# What kind of P is this?



## Relanim (Feb 28, 2008)

I am considering buying this Piranha, but I want to make sure I know what I am getting. If anyone can tell what kind of Piranha this is, PLEASE give me a hand. I have no experience with identifying piranhas. Thank you!!!


----------



## Ja'eh (Jan 8, 2007)

Looks like a sanchezi.


----------



## waldron (Jan 15, 2007)

sanchezi it is.. imo


----------



## Doktordet (Sep 22, 2006)

elongatus. 100% shure!


----------



## Puddjuice (Mar 11, 2004)

I would say elong because I own both an adult sanchezi and elong and that picture looks more like my elong. But it is still a young piranha so....


----------



## GoJamieGo (Mar 18, 2005)

Looks like its either a rhom or sanchezi... could you get a better side shot, especially the tail?


----------



## nameless (Oct 17, 2006)

Better side shot will solve the puzzle. Until that, i will take my shot at elong, cause it seems elongated in this picture.


----------



## anthonycaf (Oct 4, 2006)

sanchezi it looks like a elong from the angle of the fish and camera cmarkings show sanchezi


----------



## curly (Jun 22, 2006)

I'll go Elong to.


----------



## 35655 (Feb 18, 2007)

Nice elong..


----------



## blackmaskelong (Aug 18, 2007)

im not even gona start with telling you all it's not a elong.... but yes im stunned with this piranha does have a diffrent shape... but it's more a spilo to me about 3-5'' id say.... cheers...

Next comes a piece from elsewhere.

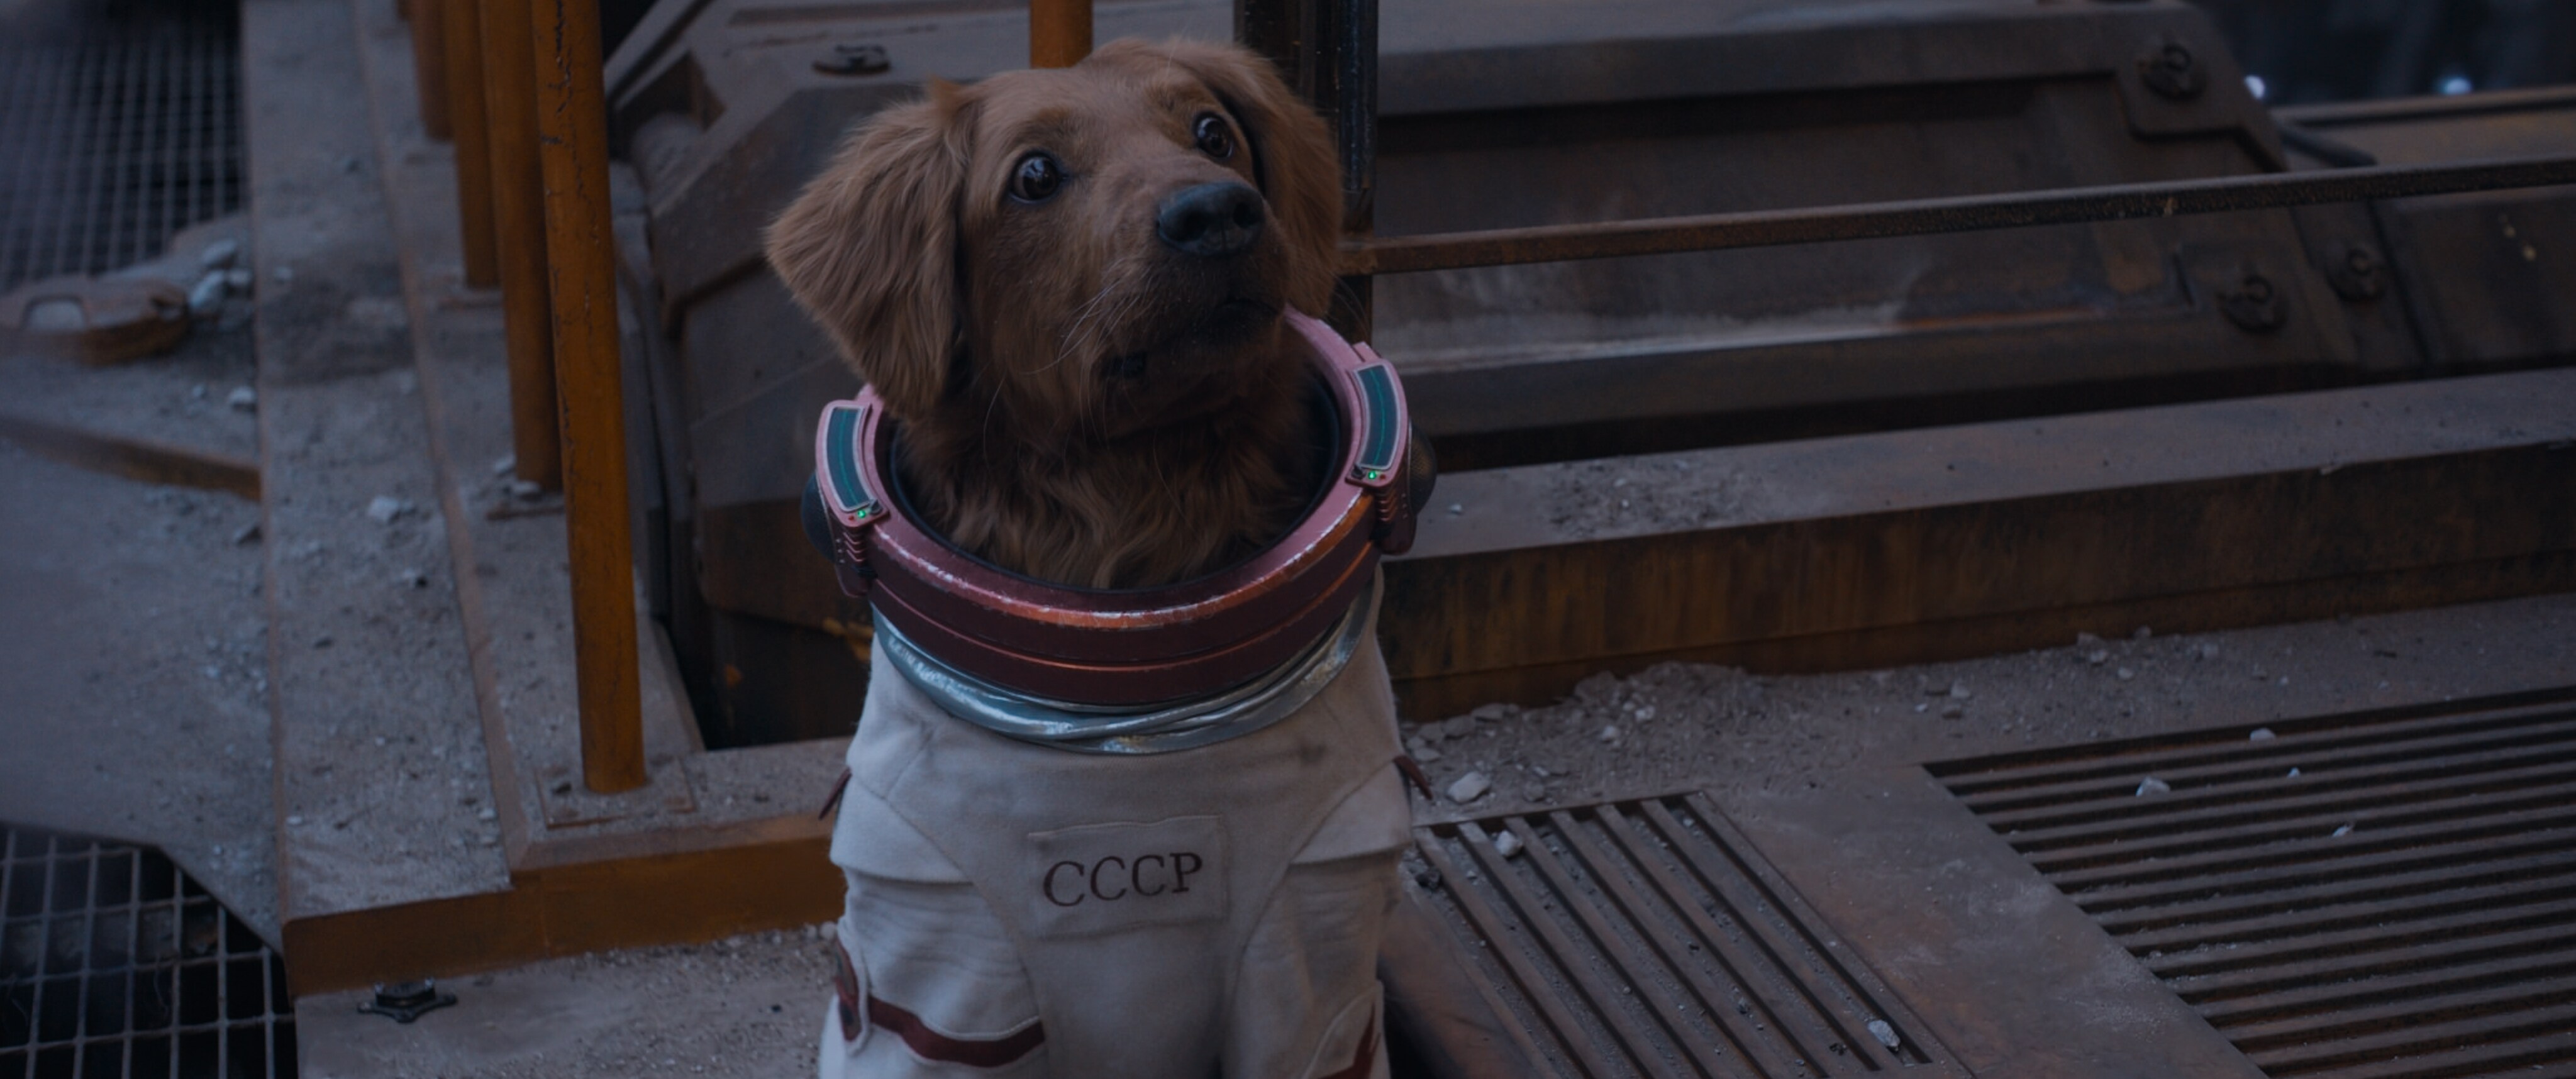 Cosmo the Spacedog (voiced by Maria Bakalova) looks up

Edit* I am now gona have to kinda say with all the elongs Ive seen they do have the same top lip as this piranha just short a funny looking with a long lower jaw id say a horny spilo took at a elong... lol


----------



## PygoLover (Mar 22, 2007)

elong or rhomb, but not a sanchezi IMO. sanchezi has a red jaw, not that colors... maybe more a rhomb then elong. thake a better side shot please.
Tommy


----------



## confused (Mar 17, 2004)

elong


----------